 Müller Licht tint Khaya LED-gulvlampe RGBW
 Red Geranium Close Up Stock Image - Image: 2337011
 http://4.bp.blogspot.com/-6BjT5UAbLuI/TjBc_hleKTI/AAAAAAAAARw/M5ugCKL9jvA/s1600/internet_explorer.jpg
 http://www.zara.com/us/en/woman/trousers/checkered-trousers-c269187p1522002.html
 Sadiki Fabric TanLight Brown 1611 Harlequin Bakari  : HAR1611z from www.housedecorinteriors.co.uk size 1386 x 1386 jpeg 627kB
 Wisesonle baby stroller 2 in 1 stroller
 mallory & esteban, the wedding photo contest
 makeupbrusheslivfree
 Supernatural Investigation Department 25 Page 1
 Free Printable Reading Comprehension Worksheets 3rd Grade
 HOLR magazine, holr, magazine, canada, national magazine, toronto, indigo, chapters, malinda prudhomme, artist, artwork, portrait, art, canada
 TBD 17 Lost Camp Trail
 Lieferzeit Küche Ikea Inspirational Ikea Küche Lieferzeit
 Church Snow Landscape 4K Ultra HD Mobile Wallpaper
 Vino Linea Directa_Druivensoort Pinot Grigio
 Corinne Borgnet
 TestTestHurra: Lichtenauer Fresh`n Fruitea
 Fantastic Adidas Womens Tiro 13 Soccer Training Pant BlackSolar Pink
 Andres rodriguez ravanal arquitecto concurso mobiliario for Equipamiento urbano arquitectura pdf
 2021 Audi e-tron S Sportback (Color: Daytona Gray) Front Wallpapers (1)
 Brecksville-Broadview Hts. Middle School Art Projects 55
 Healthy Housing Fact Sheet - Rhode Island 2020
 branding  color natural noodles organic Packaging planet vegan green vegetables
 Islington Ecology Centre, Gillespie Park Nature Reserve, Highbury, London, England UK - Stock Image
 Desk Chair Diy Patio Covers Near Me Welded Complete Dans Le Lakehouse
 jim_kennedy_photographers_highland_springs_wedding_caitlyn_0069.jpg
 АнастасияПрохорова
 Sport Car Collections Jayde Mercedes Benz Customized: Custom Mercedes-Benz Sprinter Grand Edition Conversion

▬▬▬▬▬▬▬▬▬▬

> Work task
Copy the entries above exactly, so that each line matches the original.

> Exercise result
 Müller Licht tint Khaya LED-gulvlampe RGBW
 Red Geranium Close Up Stock Image - Image: 2337011
 http://4.bp.blogspot.com/-6BjT5UAbLuI/TjBc_hleKTI/AAAAAAAAARw/M5ugCKL9jvA/s1600/internet_explorer.jpg
 http://www.zara.com/us/en/woman/trousers/checkered-trousers-c269187p1522002.html
 Sadiki Fabric TanLight Brown 1611 Harlequin Bakari  : HAR1611z from www.housedecorinteriors.co.uk size 1386 x 1386 jpeg 627kB
 Wisesonle baby stroller 2 in 1 stroller
 mallory & esteban, the wedding photo contest
 makeupbrusheslivfree
 Supernatural Investigation Department 25 Page 1
 Free Printable Reading Comprehension Worksheets 3rd Grade
 HOLR magazine, holr, magazine, canada, national magazine, toronto, indigo, chapters, malinda prudhomme, artist, artwork, portrait, art, canada
 TBD 17 Lost Camp Trail
 Lieferzeit Küche Ikea Inspirational Ikea Küche Lieferzeit
 Church Snow Landscape 4K Ultra HD Mobile Wallpaper
 Vino Linea Directa_Druivensoort Pinot Grigio
 Corinne Borgnet
 TestTestHurra: Lichtenauer Fresh`n Fruitea
 Fantastic Adidas Womens Tiro 13 Soccer Training Pant BlackSolar Pink
 Andres rodriguez ravanal arquitecto concurso mobiliario for Equipamiento urbano arquitectura pdf
 2021 Audi e-tron S Sportback (Color: Daytona Gray) Front Wallpapers (1)
 Brecksville-Broadview Hts. Middle School Art Projects 55
 Healthy Housing Fact Sheet - Rhode Island 2020
 branding  color natural noodles organic Packaging planet vegan green vegetables
 Islington Ecology Centre, Gillespie Park Nature Reserve, Highbury, London, England UK - Stock Image
 Desk Chair Diy Patio Covers Near Me Welded Complete Dans Le Lakehouse
 jim_kennedy_photographers_highland_springs_wedding_caitlyn_0069.jpg
 АнастасияПрохорова
 Sport Car Collections Jayde Mercedes Benz Customized: Custom Mercedes-Benz Sprinter Grand Edition Conversion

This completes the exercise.